I'm with what everyone else says. "We're ready when we're ready " Adriana don't be ashamed.
Look at what I did almost 6 years and thru it away because I was a big puss and couldn't handle emotional shit, well what it did was show me and teach me more about myself. And I still doing some of the same shit but alot less now and i'm letting things go better, not everything but it's better at least I let my old lady go finally and believe me I wake up every night angry over that wanting to call and then I want to use and hide my hurt feelings LOL but I do not do either .

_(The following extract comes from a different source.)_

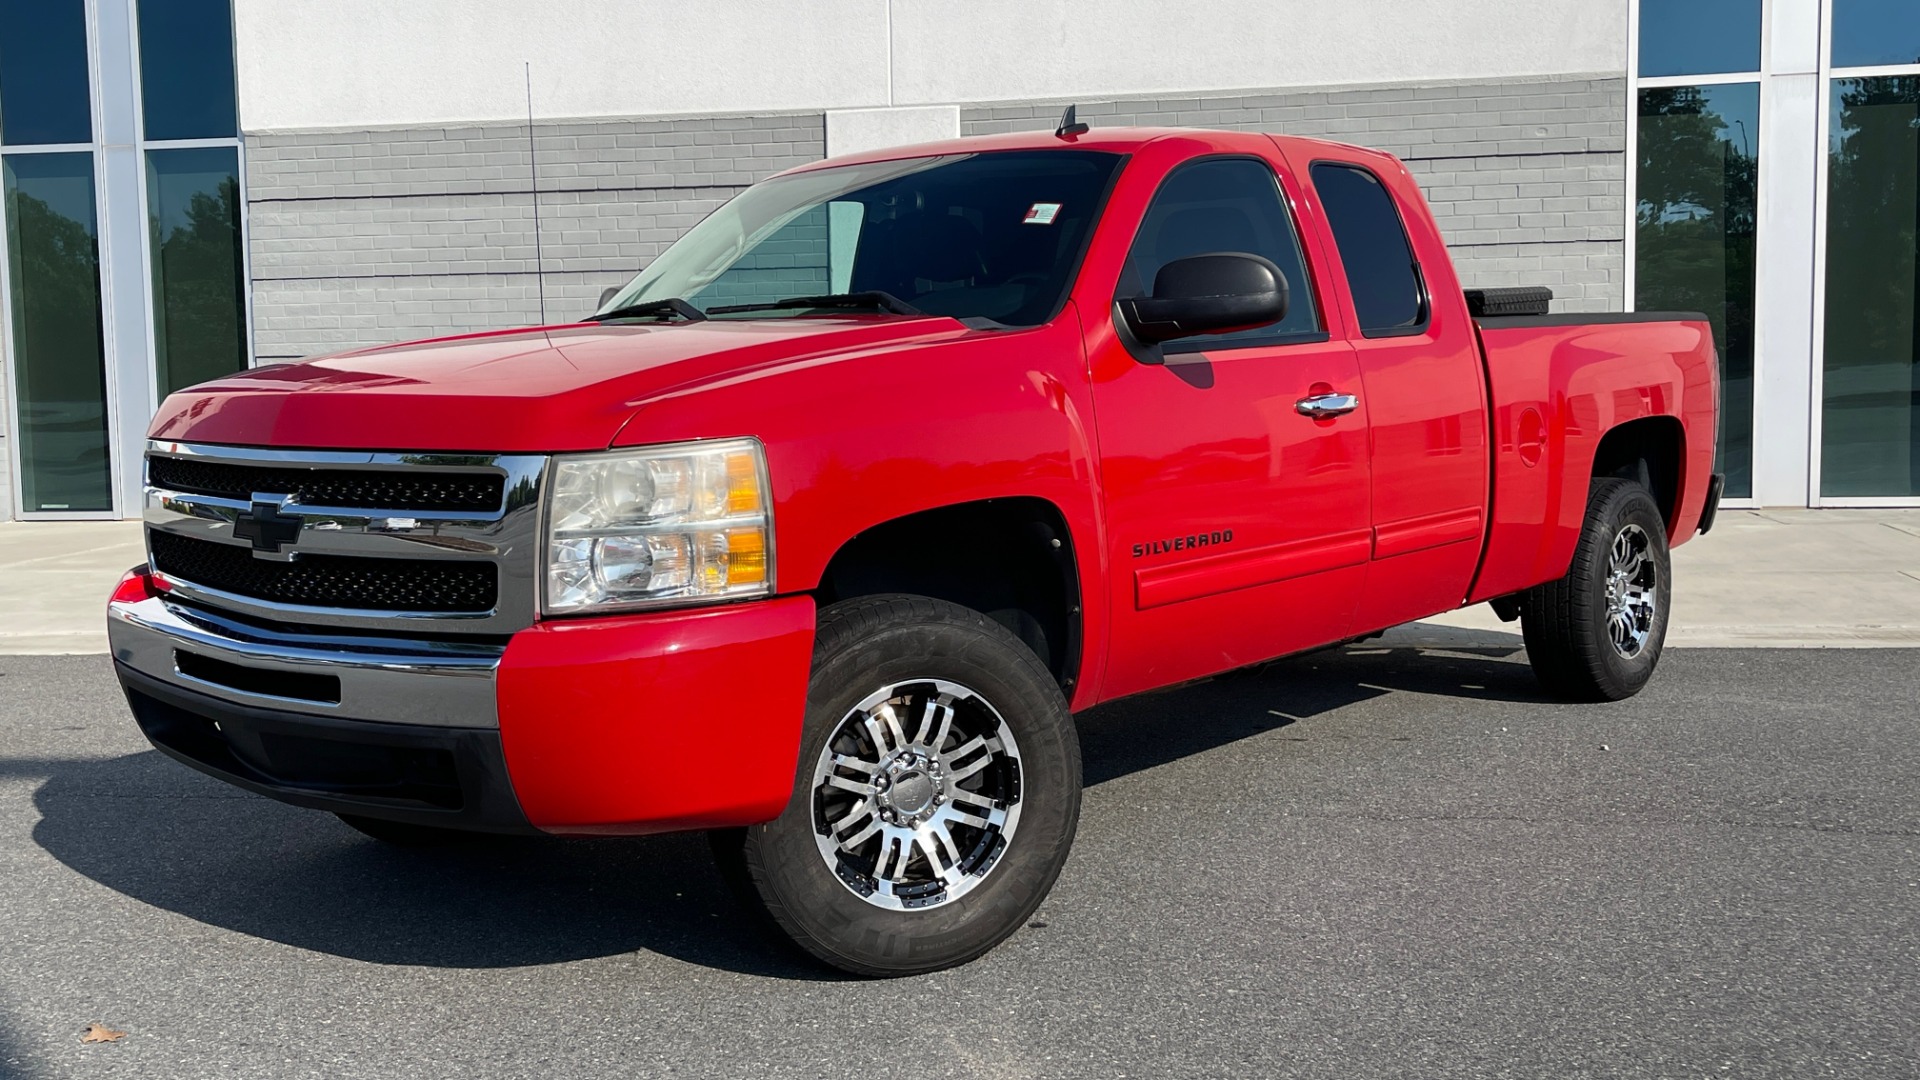 Used 2010 Chevrolet SILVERADO 1500 LT EXT CAB / 2WD / 5.3L V8 / AUTO / POWER PACK PLUS / TOWING for sale Sold at Formula Imports in Charlotte NC 28227 1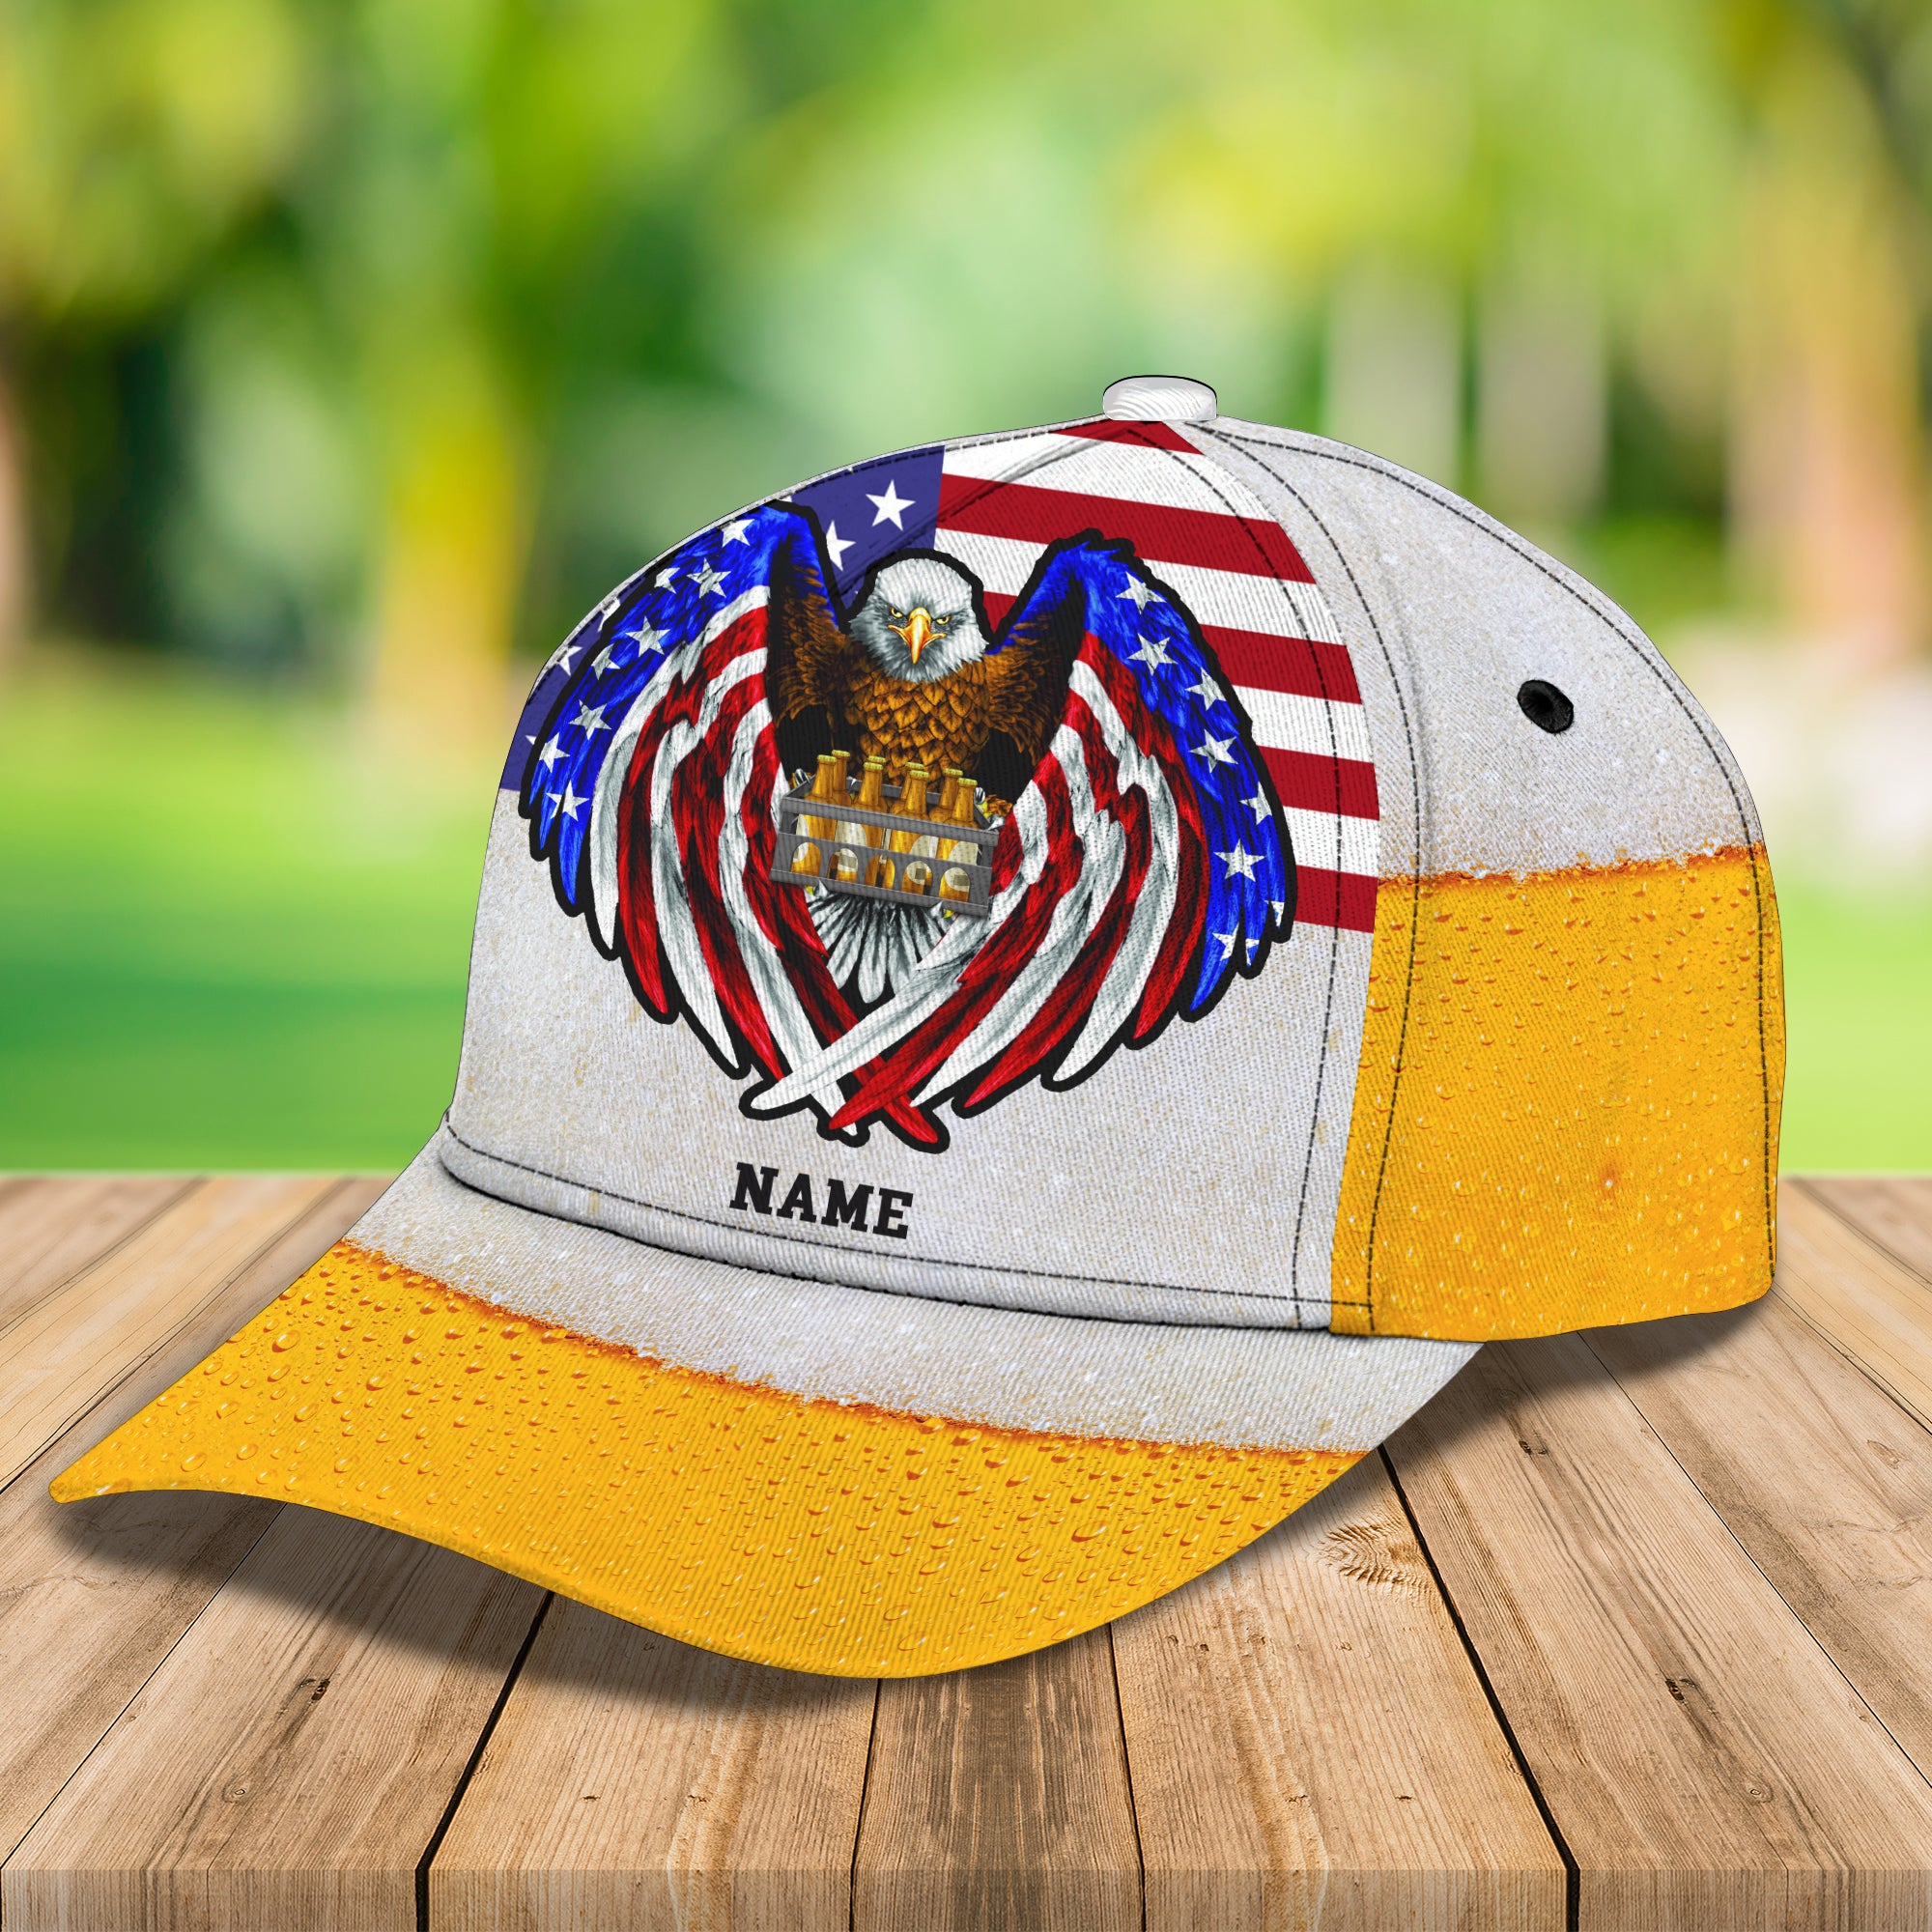 Beer and Eagle - Personalized Name Cap -Loop- Hd98 17

thanks guys, I'm going to a meeting here in a bit, I'm not feeling quite as committed now, I've started telling myself that I'm not that bad, maybe I haven't hit my "bottom" yet, but do I have to wait until I'm on the brink of death to stop. After I posted last night I went to my dealers to see if he had any oxys left, I've never done that. He didn't I went home and now I'm just feeling like I am farther away from realizing I can NEVER use, I'll always want more.
Adriana, can you do just one thing, using or not using, please keep going to meetings, no matter what... don't miss even a day... See if you can do it... I did the same... clean or stoned, I kept going to these meetings, everyday... after sometime, I realized that I had stopped using... and was clean for more than a month... Let the miracle of meetings work on you... you don't have to do it alone... I know how it feels after a great effort to stay clean and then end up using again... hopelessness threatens and crazy justifications to continue using rush in my mind... but from my weakness came my strength... Today, we have a choice. We can choose to stay clean Just For Today, come hell or high water... It doesn't matter if I have used for the last few days or months or years or a decade or two... Today, I can always try to stay clean... So cheer up, make a meeting, start anew... you deserve it, Adriana... I'm sure you would be the greatest miracle here at Miracles In Progress Group very soon...
Here is lots of smileys I send your way to fill your day with peace and joy...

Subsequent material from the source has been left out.